TASK GOAL. Word for word, restate the listing; omit the pictures.

INPUT DATA.
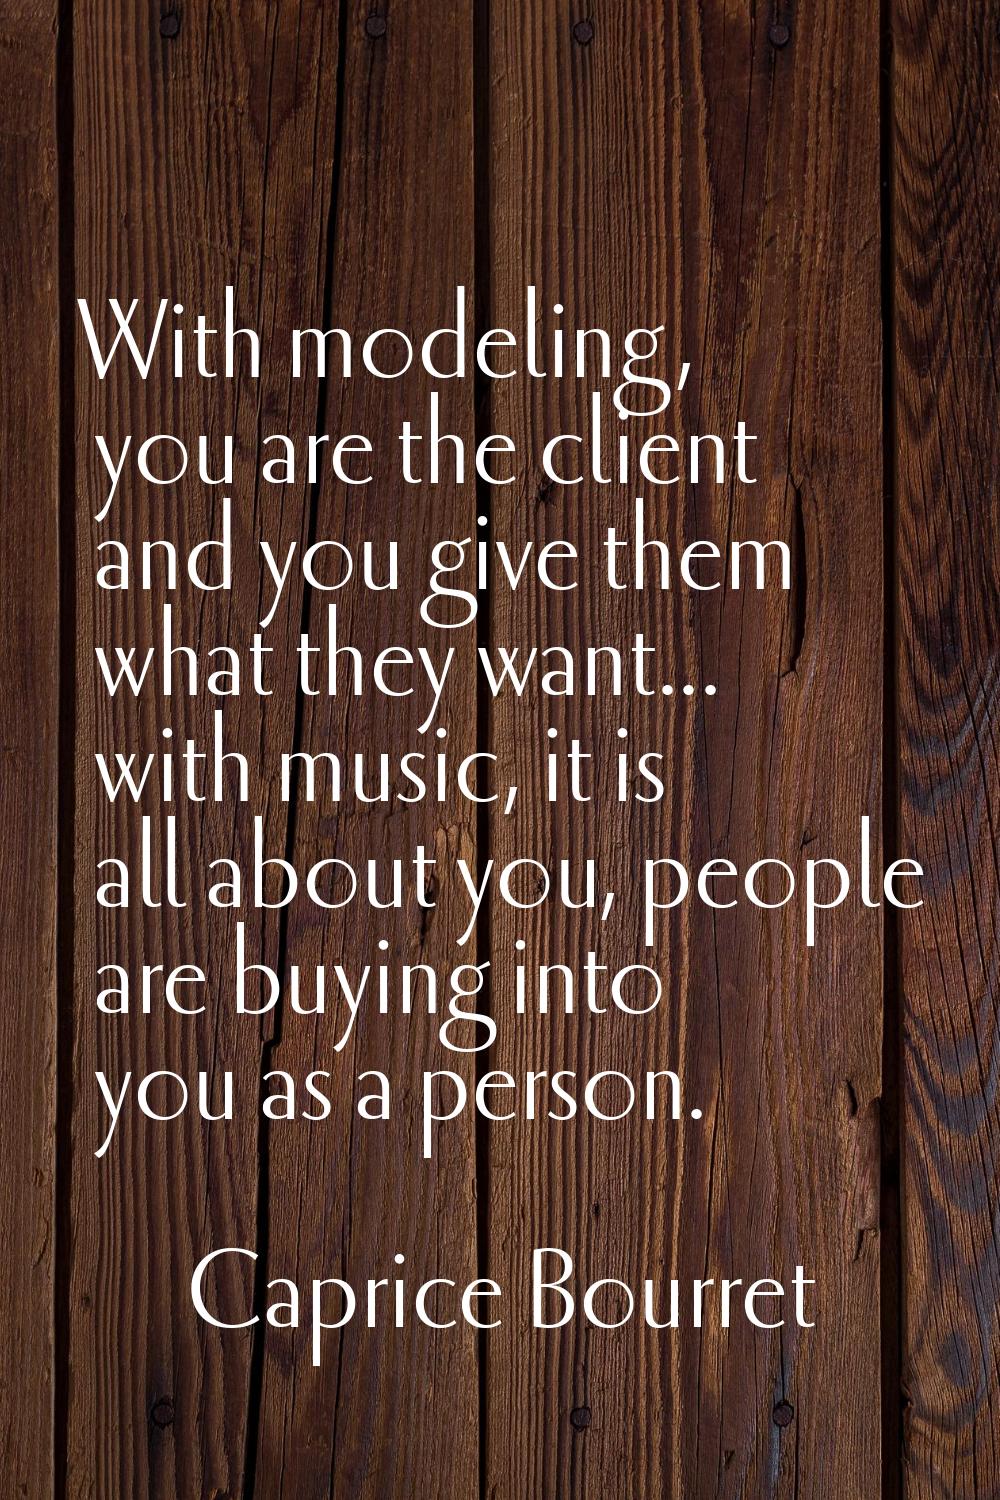 With modeling, you are the client and you give them what they want... with music, it is all about y
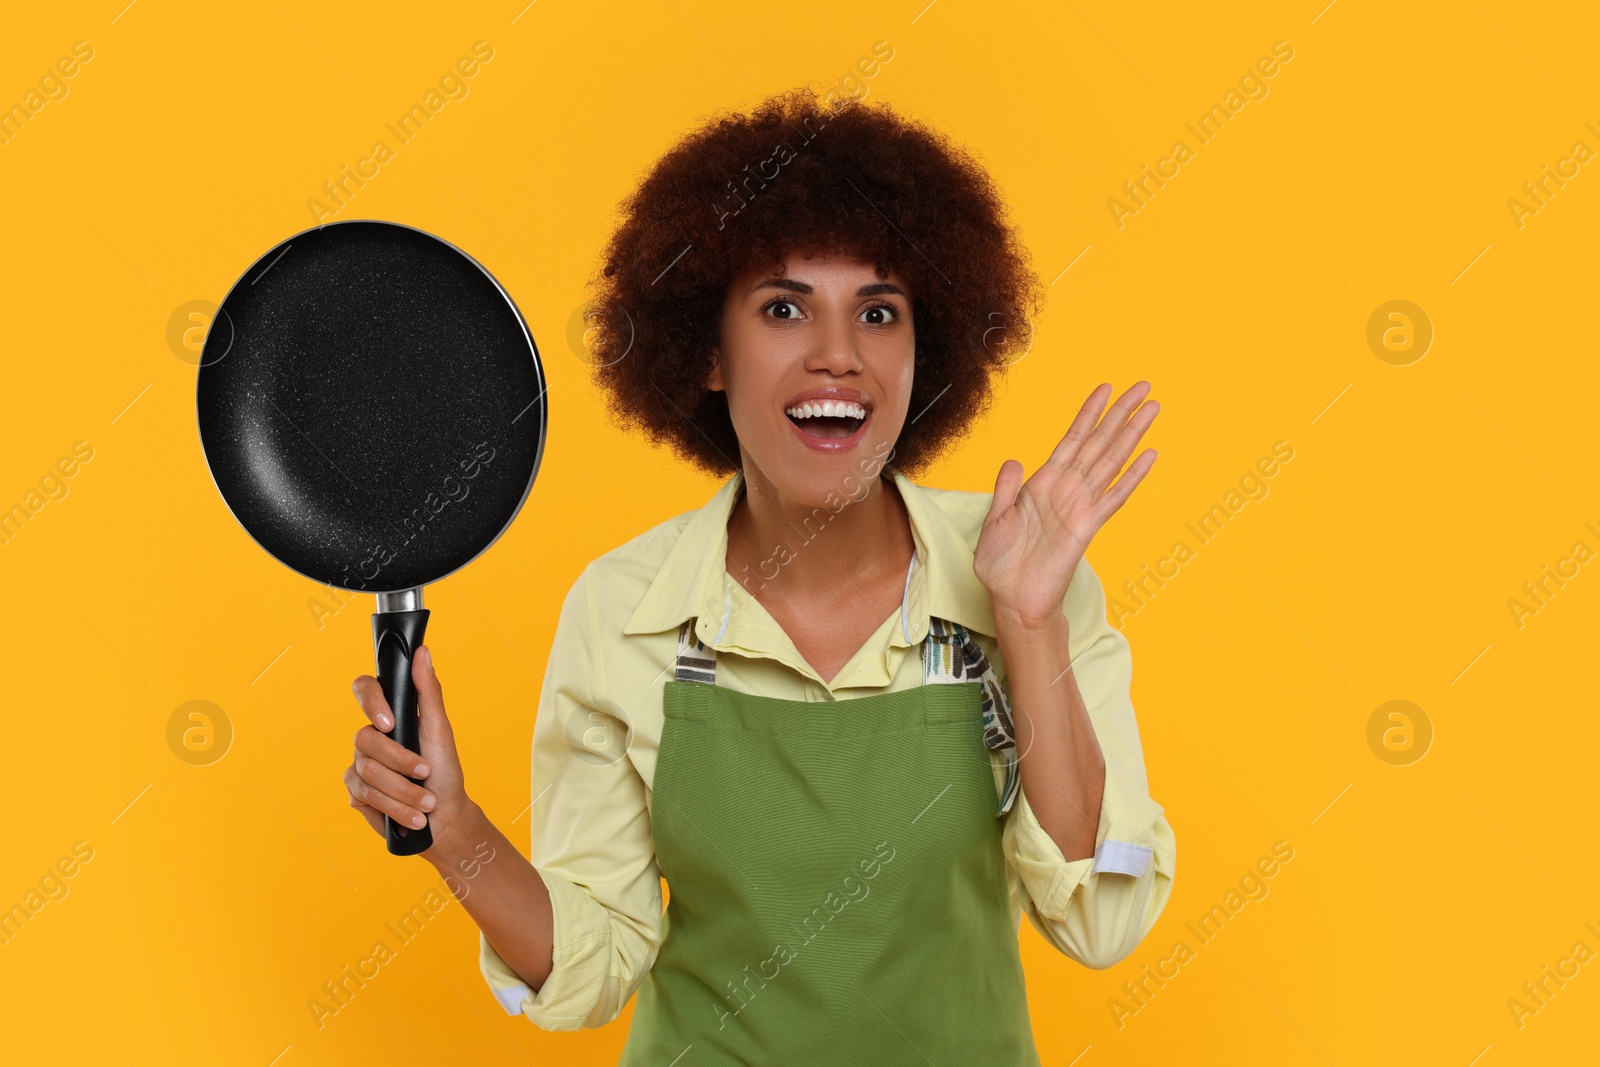 Photo of Emotional young woman in apron holding frying pan on orange background
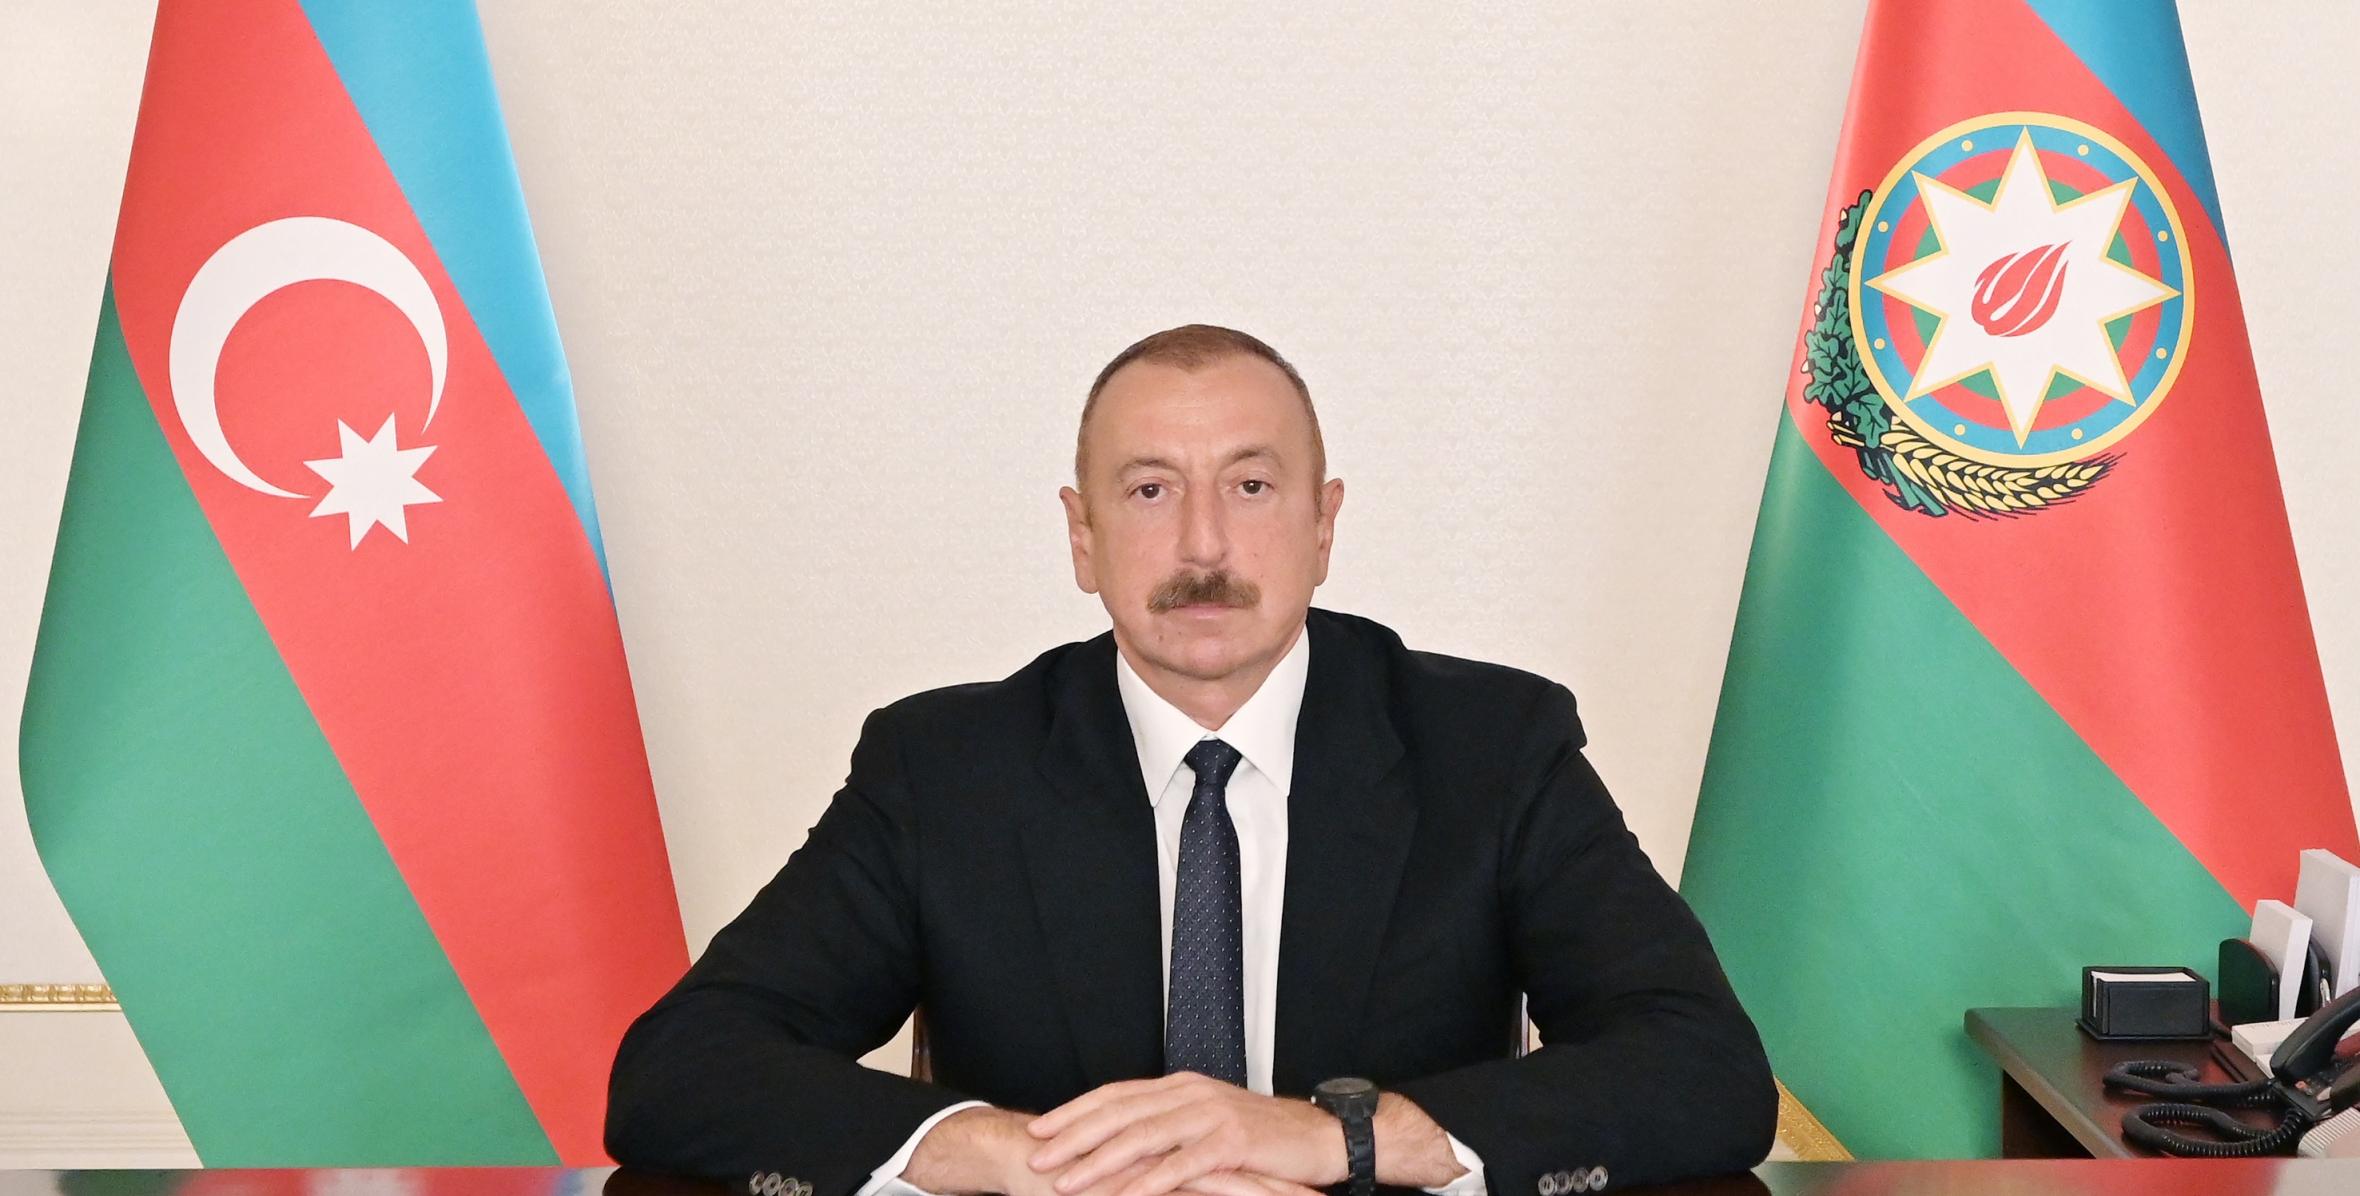 Rossiya-24 and Rossiya-1 TV channels aired an interview with President Ilham Aliyev in their reports

SOLUTION BELOW.
 With modeling, you are the client and you give them what they want... with music, it is all about y
 Photo of Emotional young woman in apron holding frying pan on orange background
 Rossiya-24 and Rossiya-1 TV channels aired an interview with President Ilham Aliyev in their reports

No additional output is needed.